Vrebamel betoogde met een beroep op deze bepalingen dat niet de Staat, maar de minister van Economische Zaken als aanvrager van het faillissement had moeten optreden. De Hoge Raad stelt de Staat in het gelijk:
“3.4.1 […] De bevoegdheid om als partij in een burgerlijk geding op te treden komt in beginsel alleen toe aan natuurlijke personen en rechtspersonen. Een uitzondering hierop valt uitsluitend aan te nemen als daartoe een bijzondere grond bestaat, zoals in het geval dat de wet een orgaan van een rechtspersoon uitdrukkelijk procesbevoegdheid toekent. (Vgl. o.m. HR 25 november 1983, ECLI:NL:HR:1983:AG4696, NJ 1984/297) Voor het aannemen van procesbevoegdheid is ontoereikend dat de wet het orgaan vertegenwoordigingsbevoegdheid toekent, al dan niet in rechte (vgl. o.m. HR 19 december 2014, ECLI:NL:HR:2014:3653, NJ 2015/36).

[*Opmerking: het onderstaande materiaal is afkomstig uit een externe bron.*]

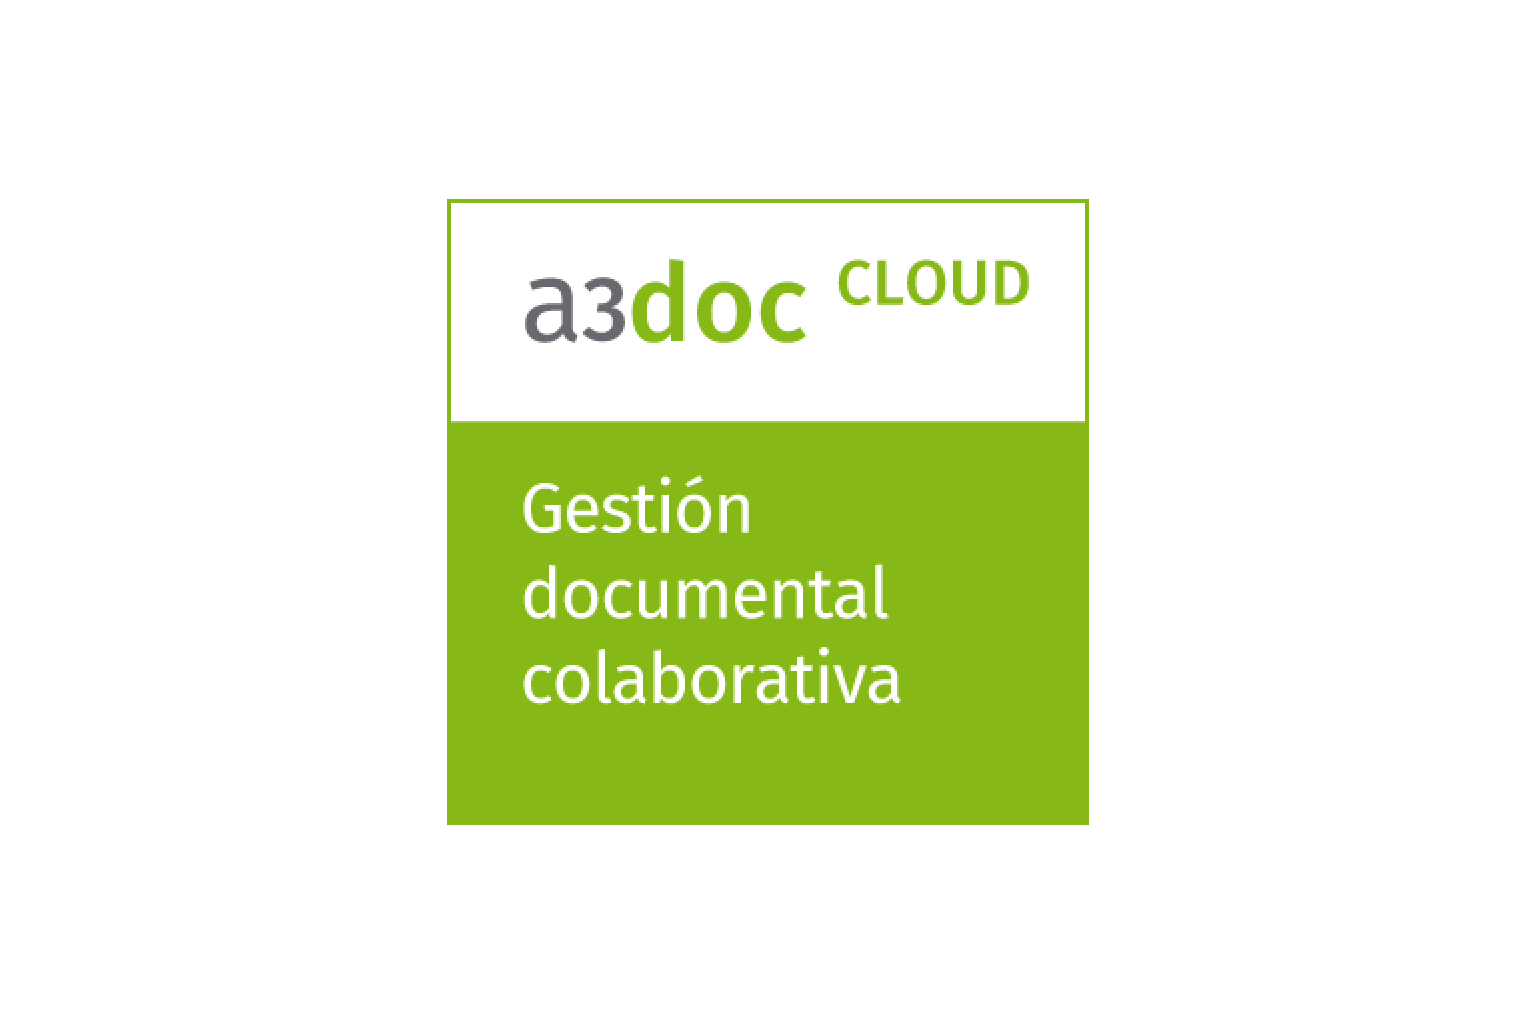 a3doc_cloud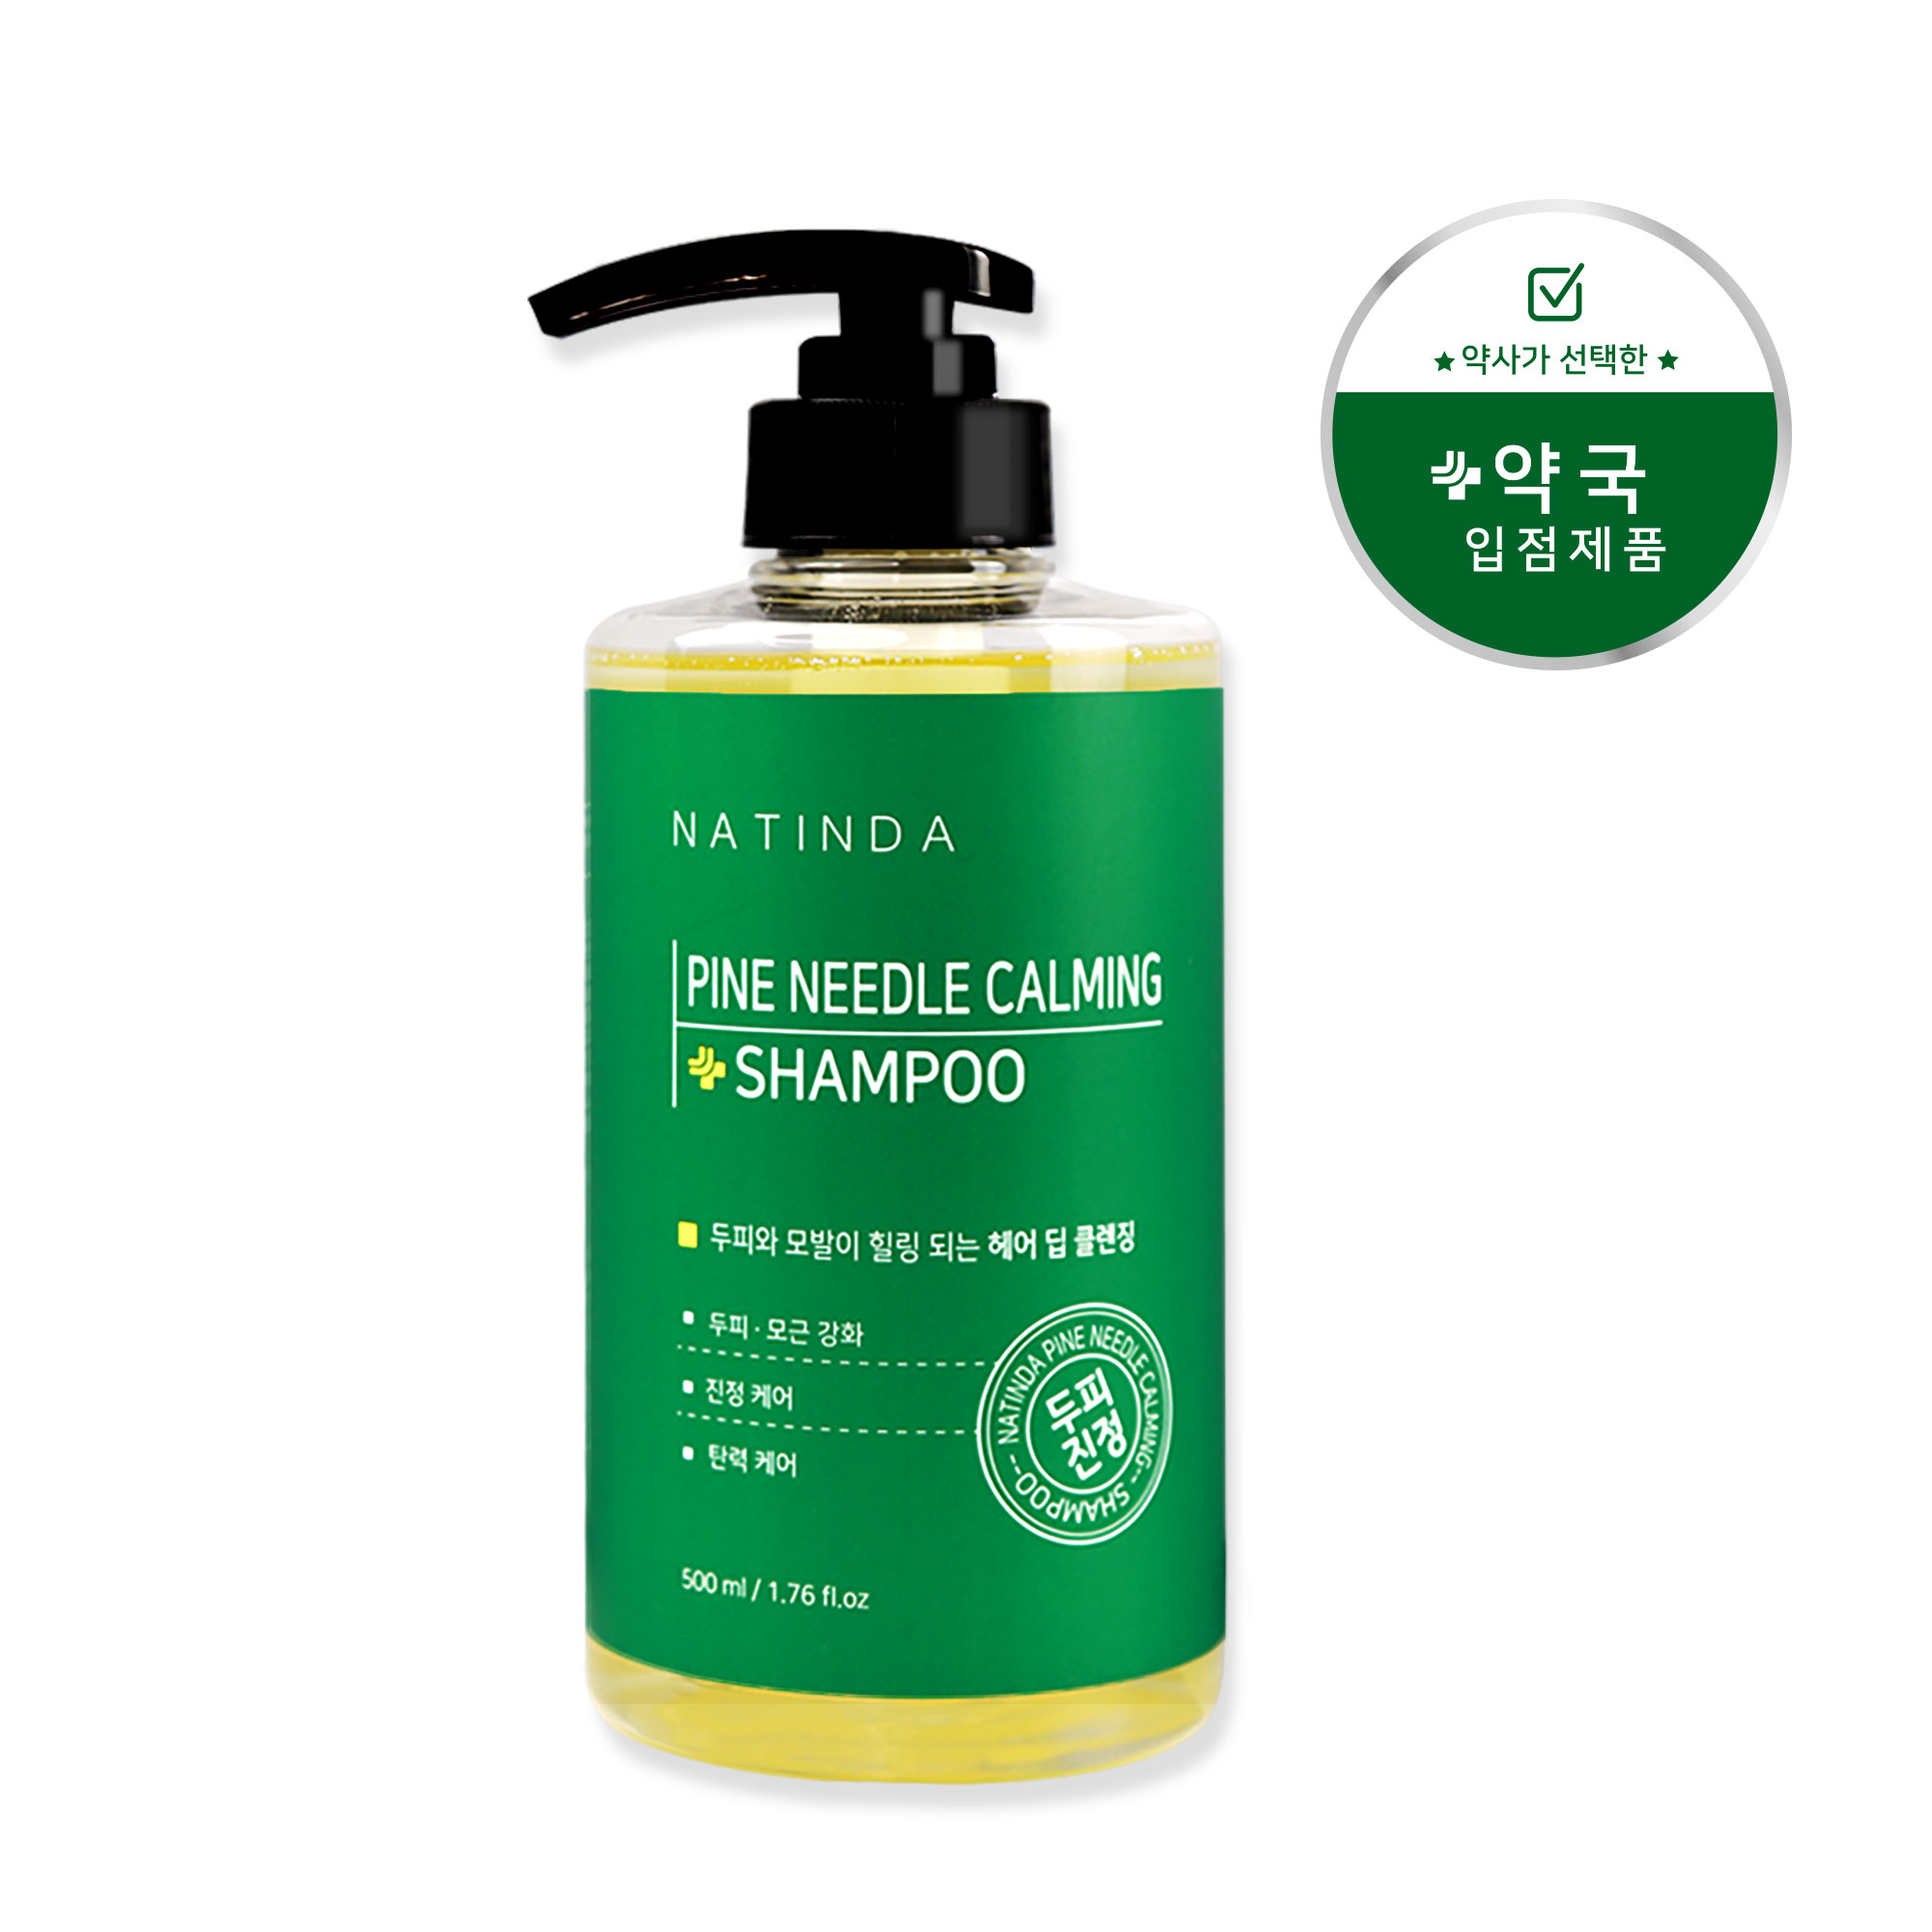 Natinda Pinidle Caming Shampoo 500g / Dầu gội có tính axit nhẹ tốt nhất cho da đầu

3.4.2 Art. XXXIX lid 4 Wet opheffing bedrijfslichamen, op welke bepaling het betoog van Vrebamel in hoofdzaak berust, is, waar het spreekt over het instellen van rechtsvorderingen door de minister, aldus te verstaan dat het betrekking heeft op diens vertegenwoordigingsbevoegdheid. Hetzelfde geldt voor art. XLIX Wet opheffing bedrijfslichamen voor zover het burgerlijke gedingen betreft. Uit de wet en de wetsgeschiedenis (aangehaald in de conclusie van de Advocaat-Generaal onder 2.5) blijkt immers niet dat is beoogd om de minister procesbevoegdheid toe te kennen. Een bijzondere grond voor het aannemen van die bevoegdheid valt ook niet aan de wet of de wetsgeschiedenis te ontlenen.”
De Staat is in cassatie bijgestaan door de auteur en Maarten Jansen, en in feitelijke instanties door Carolijn Crol en Jorrit van der Weide.